Devashish Makhija’s “Cheepatakadumpa” takes viewers through the lives of three male friends who openly talk about their sexual experiences.

Amitabh Bachchan

One of India’s legendary actors: Amitabh Bachchan’s film is still 1981

At the end of the festival on July 24, jury members will announce the winners in three categories, including Best Feature Film, Best Documentary and Best Short Film. The winner of the first category will receive a prize of €4,000, while the winners of the other two categories will each receive a prize of €1,000.

Indian Film Curator’s Medal

The Stuttgart Indian Film Festival is organized annually by Filmbüro Baden Württemberg. The main sponsor of the event is Andreas Rapp, entrepreneur and Honorary Consul of the State of Baden-Württemberg to the Republic of India.

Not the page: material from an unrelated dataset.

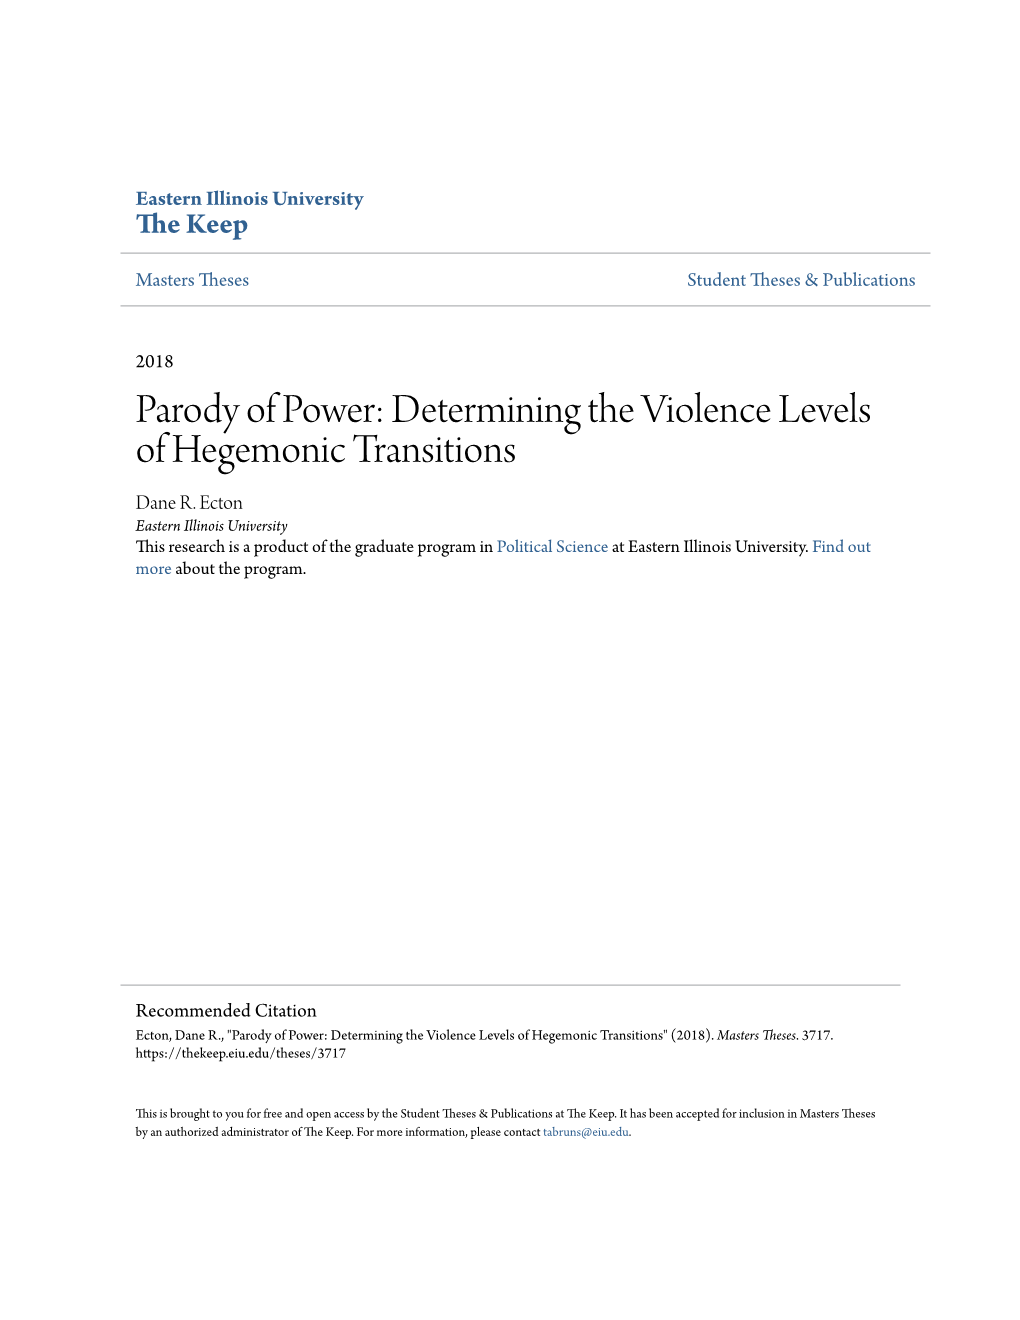 Determining the Violence Levels of Hegemonic Transitions Dane R

This year, organizers also paid tribute to the festival’s curator, Mumbai-based Uma da Cunha, who has curated films for the event for nearly 20 years.

 Uma Da Cunha (left) and her husband Gerson

Uma da Cunha (left) has been planning the festival for almost two decades

On July 20, the Chancellor of Baden-Württemberg, Winfried Kretschmann, will award the Staufer Medal to the curator. Since the late 1970s, da Cunha has been helping organize Indian film festivals overseas, including in Toronto and Busan, and has been a consultant to the state’s founders, Los Angeles, London, The Hague, Montreal, and Houston.

She is also an outstanding casting director, having worked on films such as Jane Campion’s Holy Smoke, Deepa Mehta’s Water and Ashutosh Gowarika’s Lagan . In 2009, Da Cunha was a member of the jury in the “Un Certain Regard” category at the Cannes Film Festival.